Стюбё провёл ладонью по лицу. Комната начала медленно вращаться перед глазами. Очень захотелось пить.
– Зубы целые и здоровые. Полный набор молочных зубов, кроме одного переднего зуба в верхней челюсти, который, судя по всему, выпал всего за час до смерти…
Он помедлил, а потом произнёс:
– До того, как маленький Ким умер. – И тихо закончил: – Другими словами… mors subita. Внезапная смерть.
– Не выявлено никаких причин смерти, – констатировал Ингвар Стюбё.
– Совершенно верно. Конечно, он…
У патологоанатома были красные глаза. Очень худое лицо напомнило Стюбё морду старого козла, особенно из-за того, что у доктора была остроконечная бородка, ещё больше удлинявшая физиономию.
– У него в моче содержится транквилизатор. Диазепам. Немного, но…
– Как в… валиуме? Его отравили?
Стюбё выпрямил спину и опёрся о спинку дивана. Ему необходима была опора.
– Нет, ни в коем случае.
Патологоанатом почесал свою редкую бороду указательным пальцем.
– Он не был отравлен. Я придерживаюсь мнения, что здоровый пятилетний мальчик не должен принимать медикаменты, содержащие диазепам, однако в данном случае не может быть и речи об отравлении. Разумеется, невозможно сказать, какую дозу он получил, но для того, чтобы умереть, этого чересчур мало. Ни в коем случае…
Он провёл рукой по подбородку и прищурился, глядя на Стюбё.
– …недостаточно, чтобы повредить ему. В организме уже практически нет этого вещества, а то, что осталось, свидетельствует о мизерности полученной дозы. Не пойму, для чего вообще это было нужно.
– Валиум, – медленно произнёс Ингвар Стюбё, словно сообщая какую-то тайну, объясняя, почему мальчик пяти лет умер без всякой видимой причины.

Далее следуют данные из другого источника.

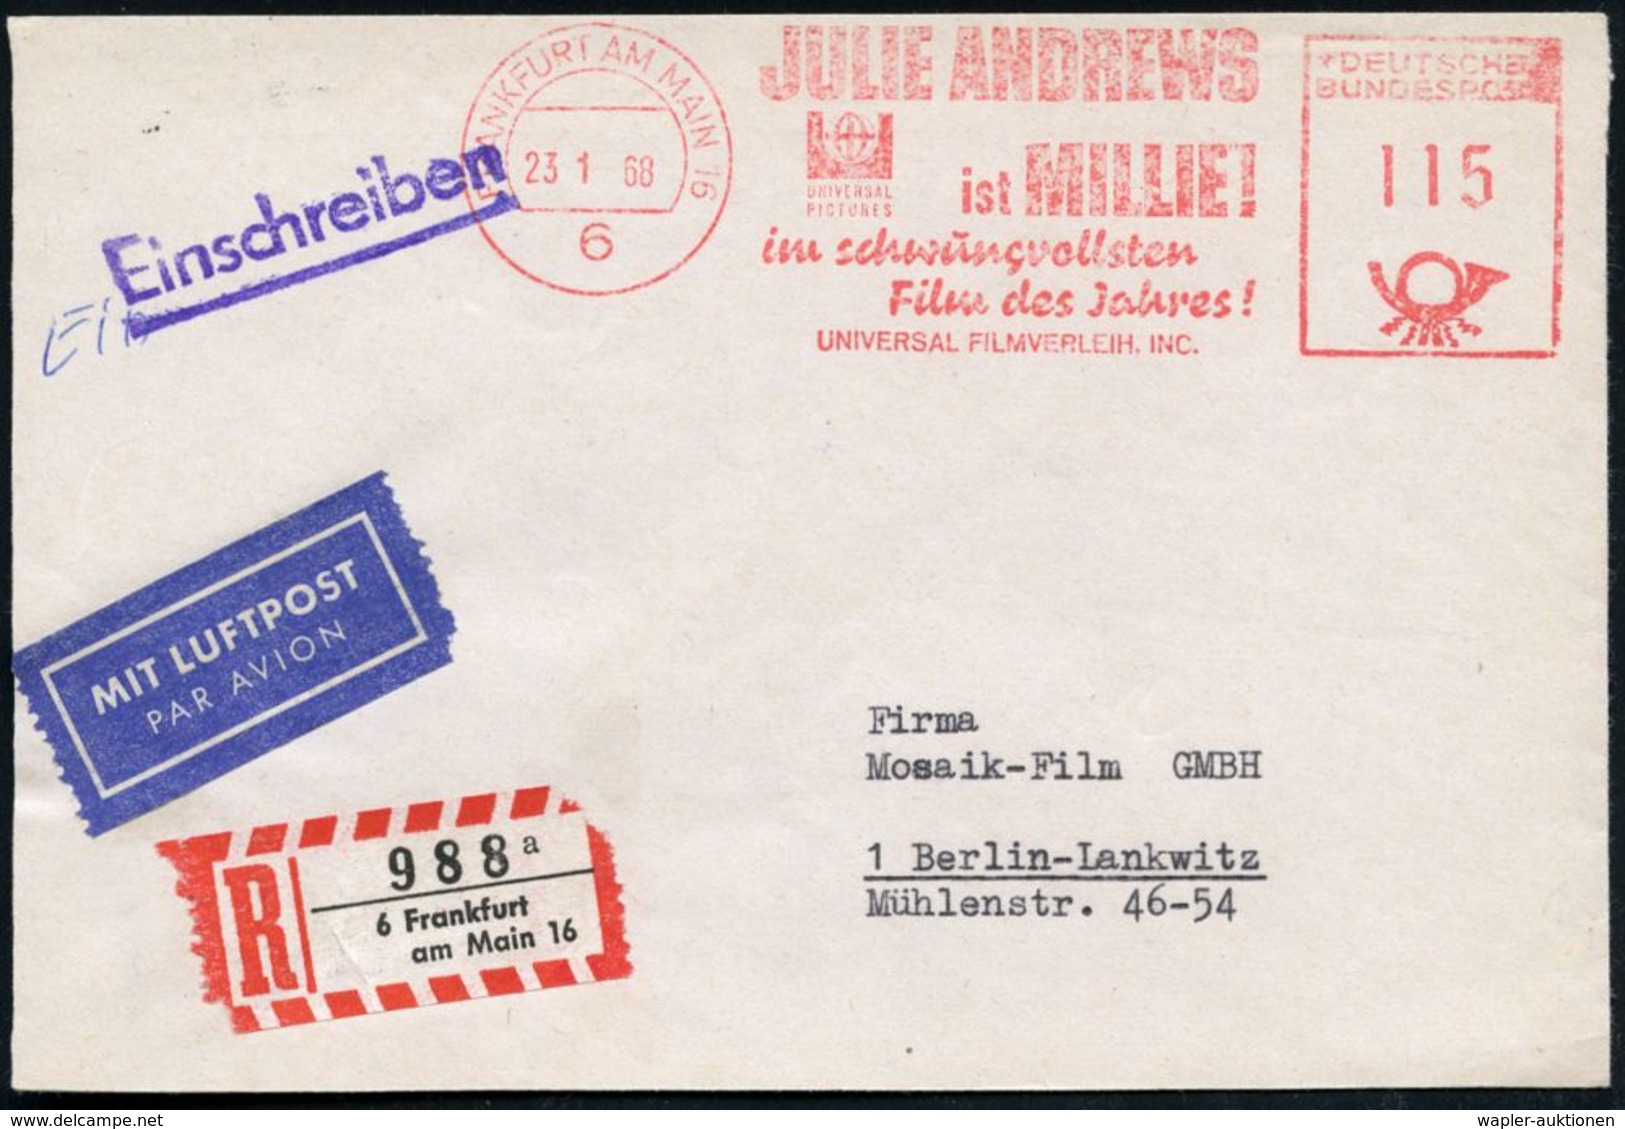 6 FRANKFURT AM MAIN 16/ JULIE ANDREWS/ Ist MILLIE!/ ..UNIVERSAL FILMVERLEIH INC. 1968 (23.1.) AFS 115 Pf. + RZ: 6 Frankf - Film
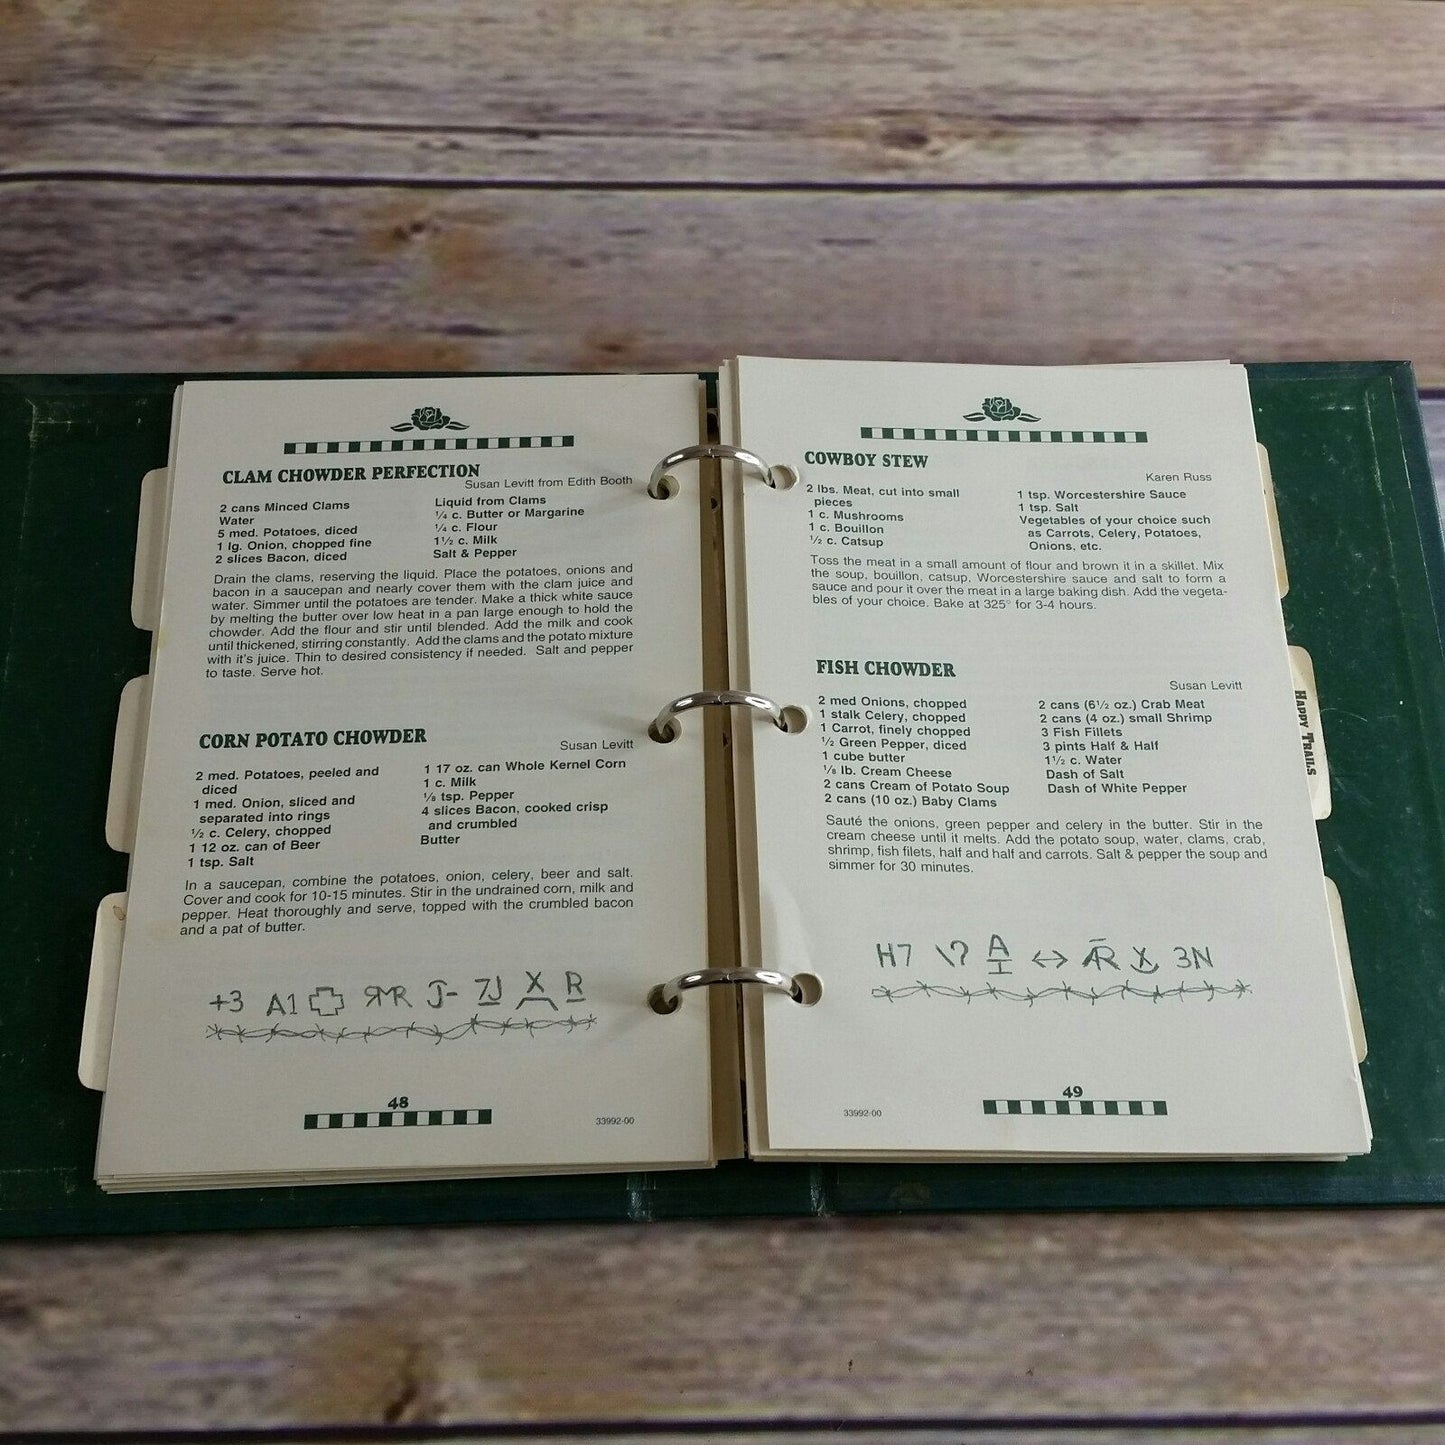 Vintage California Cookbook Fortuna Humboldt County Cattlewomen A Century on the Range 3 Ring Binder

– Ва-ли-ум… – задумавшись, по слогам повторил патологоанатом. – Или что-нибудь другое с похожим составом.
– Для чего его используют?
– Вы имеете в виду, в каких случаях применяют диазепам?
Глаза патологоанатома впервые выразили досаду, и он демонстративно посмотрел на часы.
– Да вы сами знаете! Нервные болезни. В больницах его используют при подготовке к операциям. Пациенты становятся вялыми. Спокойными. Расслабляются. Кроме того, его, к примеру, назначают больным эпилепсией. При сильных конвульсиях. И взрослым, и детям. Но Ким был абсолютно здоров.
– Но почему тогда кому-то понадобилось давать пятилетнему…
– Всё, на сегодня хватит, Стюбё. Я проработал почти одиннадцать часов. Вы получите предварительный отчёт утром. Окончательный едва ли будет готов меньше чем через несколько недель. Мне нужно дождаться результатов всех анализов, прежде чем я смогу подвести итоги. Но главное…
Он улыбнулся. Если бы его близко посаженные маленькие глаза не были так невыразительны, Стюбё мог бы подумать, что ему весело.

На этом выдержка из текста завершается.